Scientists haven't even approached mining helium out of the air
because costs are too prohibitive.
A rebel, a loner
Both hydrogen and helium, the first two elements on the Periodic Table
are very abundant in the universe (about 92 percent and about 8
percent of the atoms, respectively). Helium is rare on Earth while
hydrogen is abundant. The reason is that helium is a rebel, a loner,
and it does not combine with other atoms while hydrogen does. Hydrogen
is one of the two elements that make water. Under standard conditions,
there are no combined or molecular forms of helium.
"It's the most Noble of gases, meaning it's very stable and
non-reactive for the most part," Sobotka said. "Helium has a closed
electronic configuration, a very tightly bound atom.

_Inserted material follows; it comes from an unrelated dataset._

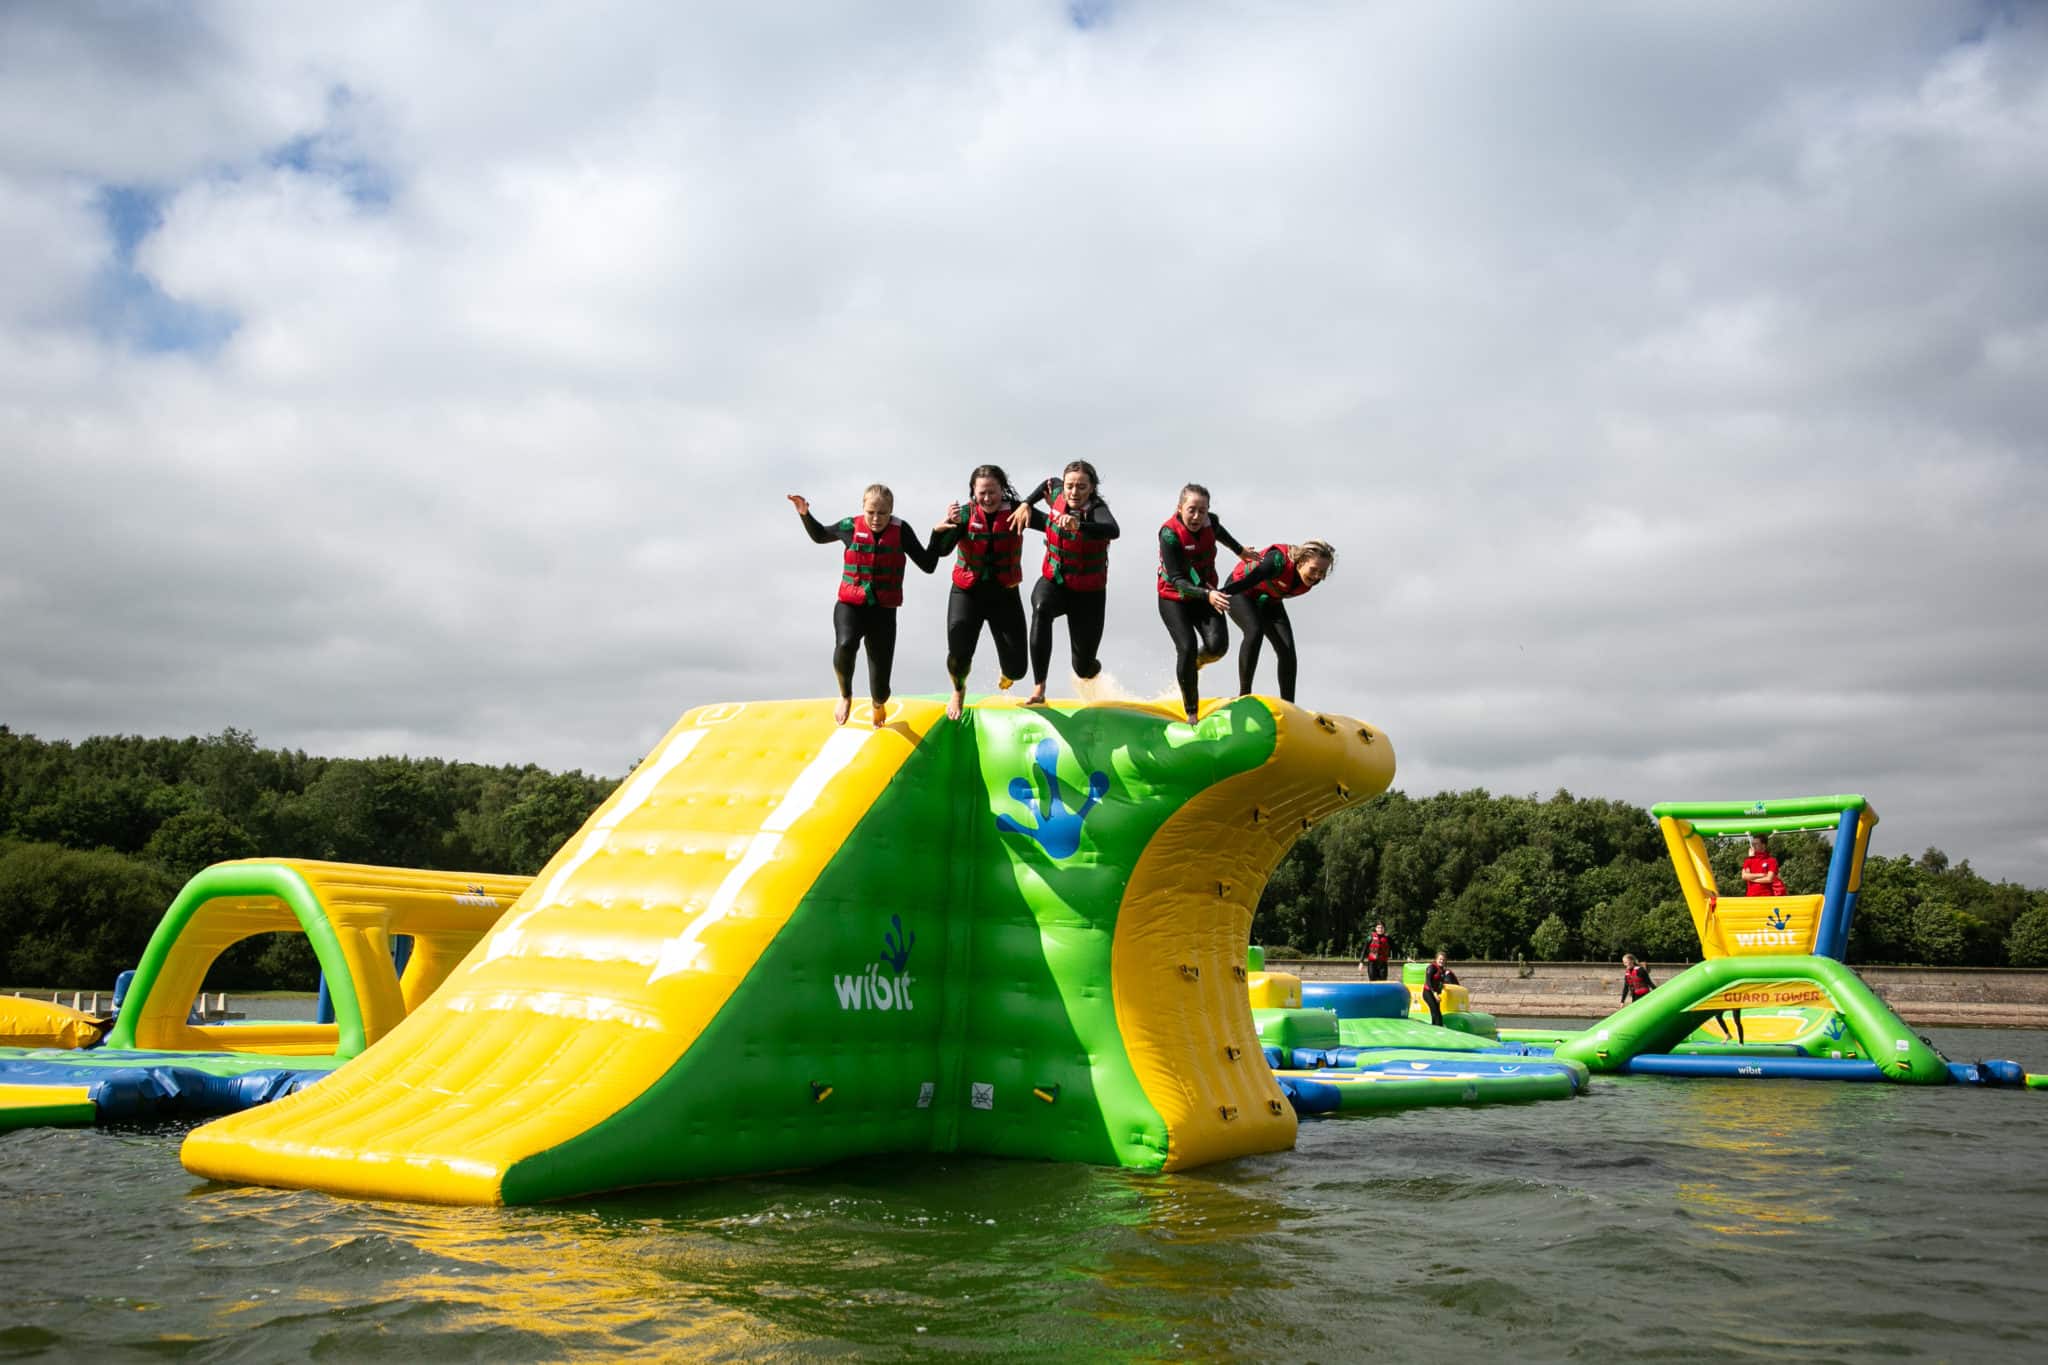 5 people jumping from wibit inflatable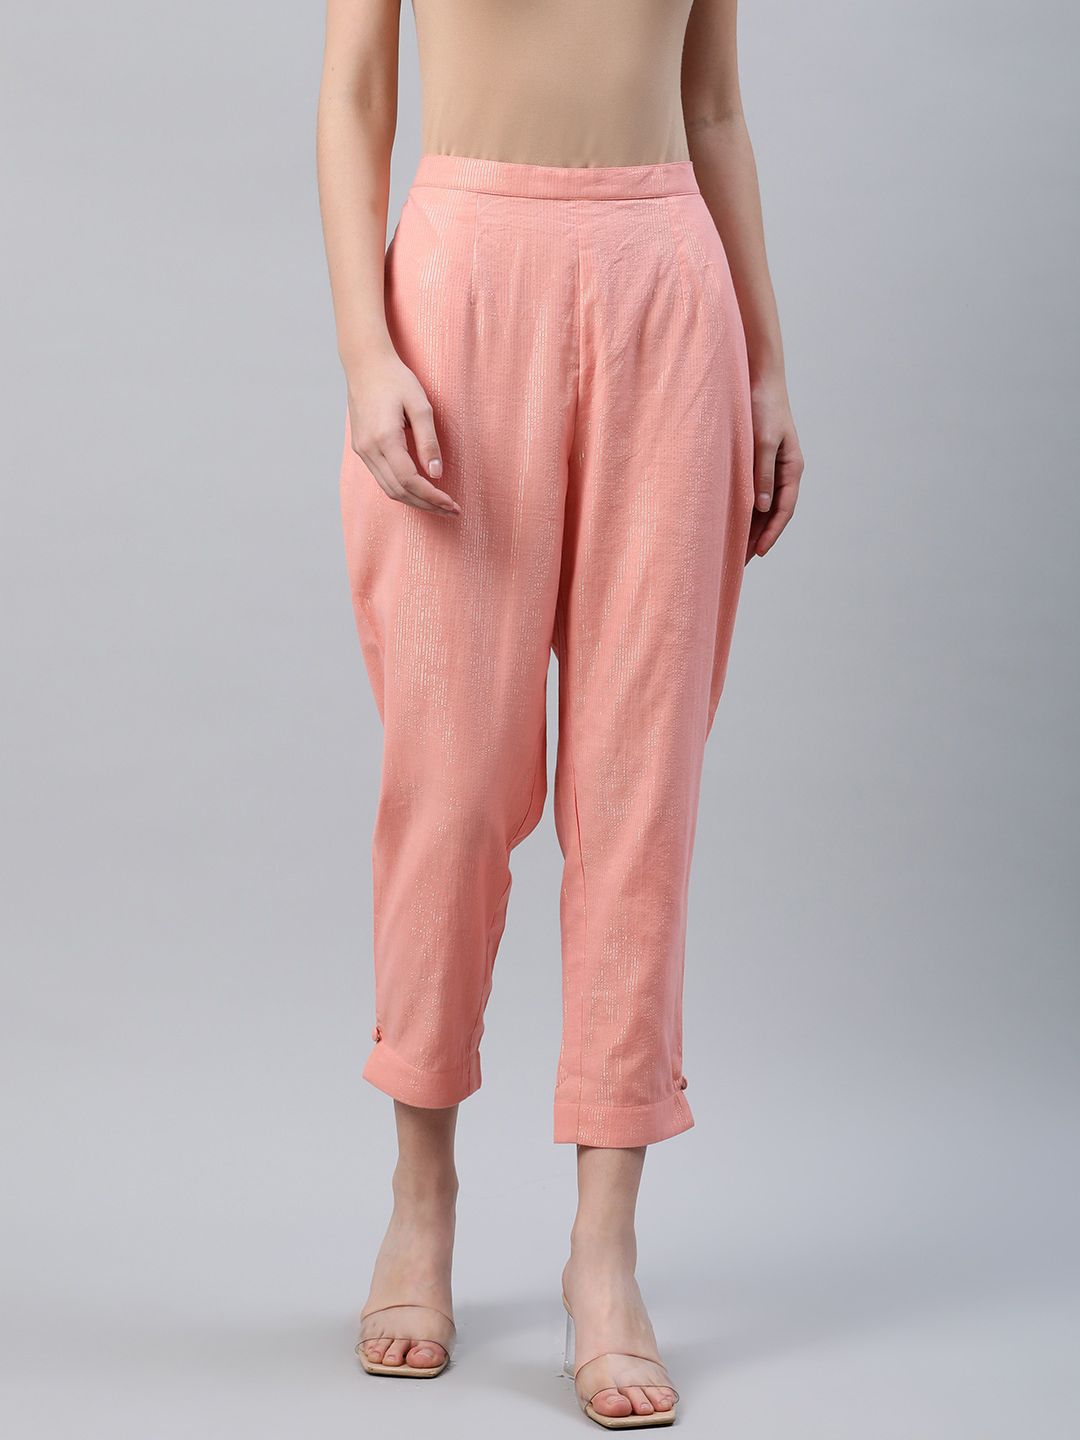 Libas Women Peach-Coloured Striped Cotton Trousers Price in India

If you try to
extract an electron from helium, you pay a lot of energy to pull it
off. It's very high in ionization energy. It is this coveting of its
own electrons that prevents combination with other elements."
In addition to the Texas panhandle, helium can be found in small
regions of Colorado, Kansas and Oklahoma. It is marketed in Australia
and Algeria. And Russia has the world's largest reserves of natural
gas, where helium certainly exists. But there is no push to market it,
as, for the short term, supplies are adequate, though increasingly
costly.
Sobotka believes that Russia will be the world's major source of
helium in 30 years.
The price of liquid helium is about $5 per liter, having gone up more
than 50 percent over the past year because of what Sobotka calls "conventional"
economics. He cited the withdrawal of some companies from the
marketplace, and the emergence of others that are not yet in
production, as the driving force behind higher prices, and not (as yet)
a scarcity of the element.
Helium capture in the United States began after World War I, when the
primary use of the gas was for dirigibles. Because helium is
non-flammable, its use in balloons prevented another Hindenburg
tragedy. The U.S. government ran the helium industry for 70 years, but
since the mid-90s it has been in the domain of the oil and natural gas
industries.
Tell it like it is
"The government had the good vision to store helium, and the question
now is: Will industry have the vision to capture it when extracting
natural gas, and consumers the wisdom to capture and recycle?" Sobotka
said. "This takes long-term vision because present market forces are
not sufficient to compel prudent practice."
Helium plays second fiddle to marketing oil and natural gas, and much
of it is lost in a process that removes noncombustible nitrogen and
helium from the product of prime interest.
"When they stick that straw into the ground to suck out oil and gas,
the helium comes out, and if it doesn't get captured it drifts into
the atmosphere and is lost," Sobotka said. "Helium production is a
side industry to oil and natural gas, an endeavor that nobody wants to
lose money on."
Meanwhile, laboratories worldwide could make better attempts at
conserving helium. They can either use costly machines called
liquefiers that can capture, store and reliquefy helium on site, or
researchers can take captured helium in gas form, return it to the
company that originally sold it to them and receive a monetary return,
just as in a deposit on a bottle.
"We have to be thinking of these things," he said. "Up to now, the
issue often hasn't risen to the level that it's important. It's a
problem for the next generation of scientists. But it's incumbent upon
us to have a vision, and tell it like it is - a
resource that is more strictly non-renewable than either oil or gas."